Employers often argue that attractiveness is job-related; their workers’ appearance, they say, can affect the company’s image and its profitability. In this way, the Borgata said its weight limits were imposed as a consequence of market demands. Customers, according to a spokesperson, like being served by an attractive waitress.
As the history of civil rights legislation suggests, customer preferences should not be a defense for prejudice. During the early civil rights era, employers in the American South often argued that hiring African Americans would be financially ruinous; white customers, they said, would take their business elsewhere. In rejecting this logic, Congress and the courts recognized that customer preferences often reflect and reinforce precisely the attitudes that society is seeking to eliminate. Over the decades, we’ve seen that the most effective way of combating prejudice is to deprive people of the option to indulge it.
Similarly, during the 1960s and 1970s, major airlines argued that the male business travelers who dominated their customer ranks preferred attractive female flight attendants. According to the airlines, that made gender a bona fide occupational qualification and exempted them from anti-discrimination requirements. But the courts reasoned that only if sexual allure were the “essence” of a job should employers be allowed to select workers on that basis. Since airplanes were not bordellos, it was time to start hiring men.

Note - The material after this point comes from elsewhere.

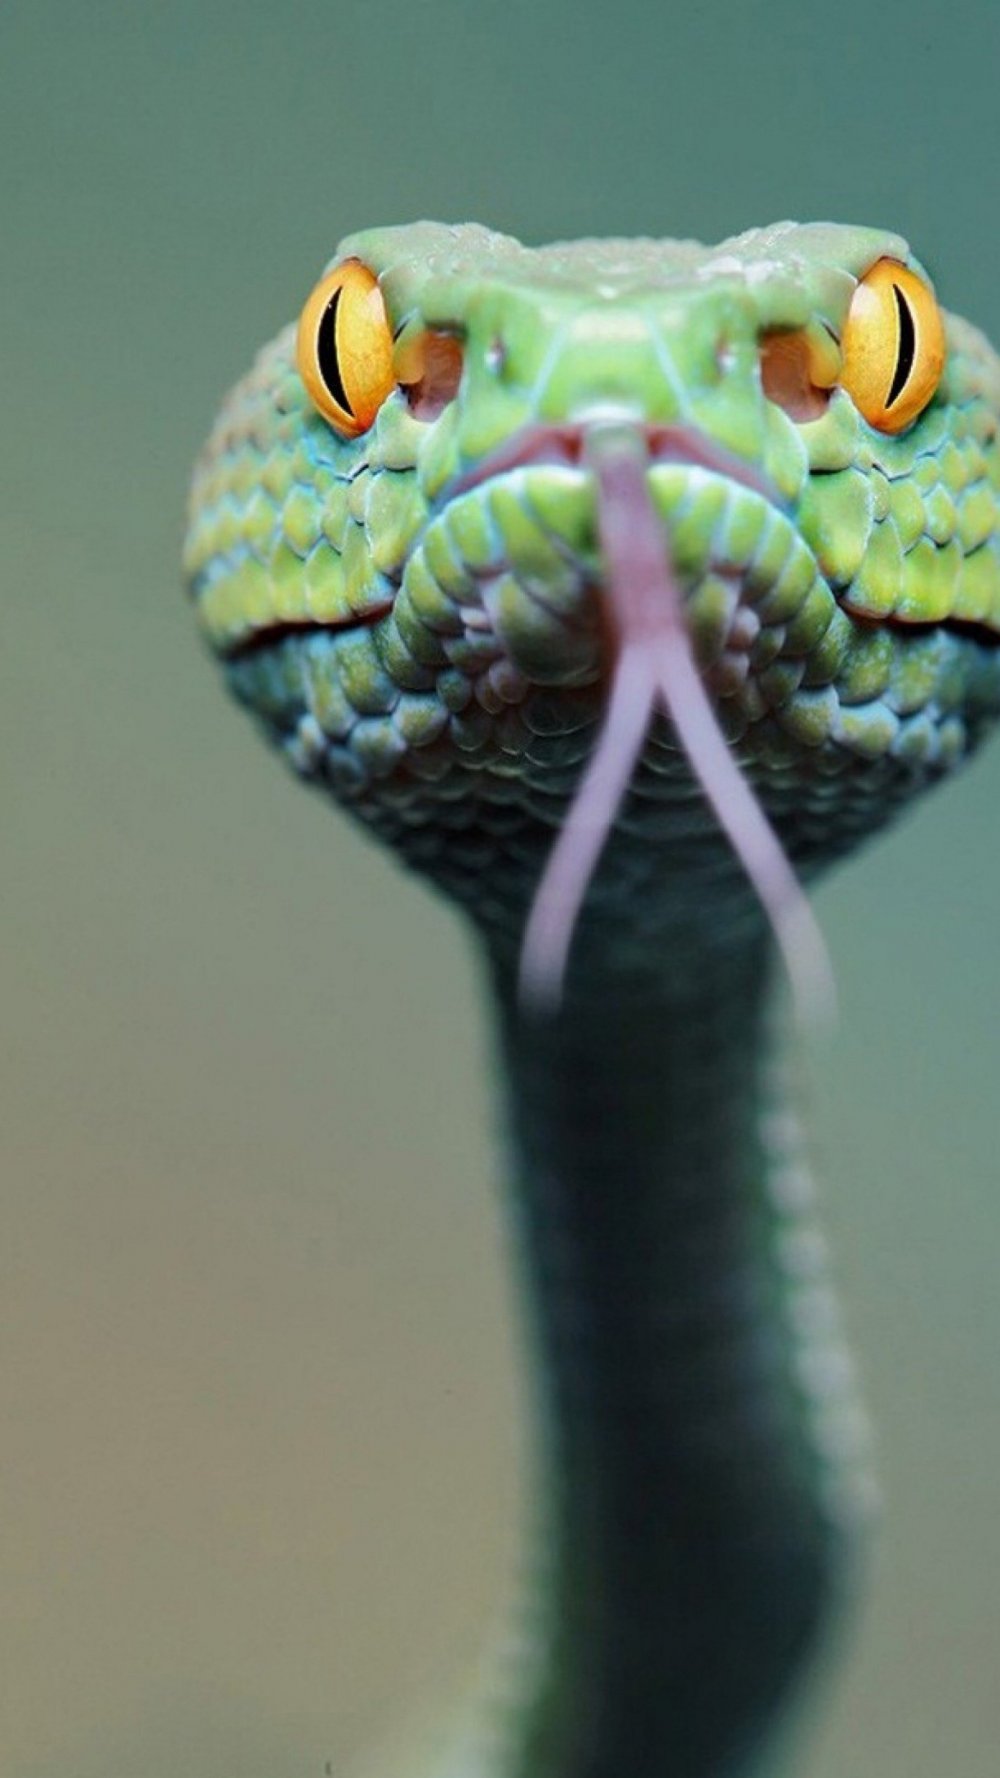 Язык змеи

Opponents of a ban on appearance-based discrimination also warn that it would trivialize other, more serious forms of bias. If the goal is a level playing field, why draw the line at looks? “By the time you’ve finished preventing discrimination against the ugly, the short, the skinny, the bald, the knobbly-kneed, the flat-chested, and the stupid,” Andrew Sullivan wrote in the London Sunday Times in 1999, “you’re living in a totalitarian state.” Yet intelligence is related to job performance in a way that appearance isn’t.
We also have enough experience with prohibitions on appearance discrimination to challenge opponents’ arguments. Already, one US state (Michigan) and six local jurisdictions have banned such discrimination. Some of these laws date back to the 1970s and 1980s, while some are more recent; some cover height and weight only, while others cover looks broadly; but all make exceptions for reasonable business needs.
Such bans have not produced a barrage of loony litigation or an erosion of support for civil rights remedies generally. These cities and counties have so far each received between zero and nine complaints a year, while the entire state of Michigan totals about 30, with fewer than one a year ending up in court.
This is not to overstate the power of legal remedies. Given the stigma attached to unattractiveness, few will want to claim that status in public litigation. And in the vast majority of cases, the cost of filing suit and the difficulty of proving discrimination are likely to be prohibitive. But at the very least, such laws could reflect our principles of equal opportunity and raise our collective consciousness when we fall short.
Deborah L. Rhode is a Stanford University law professor and author of “The Beauty Bias: The Injustice of Appearance in Life and Law.”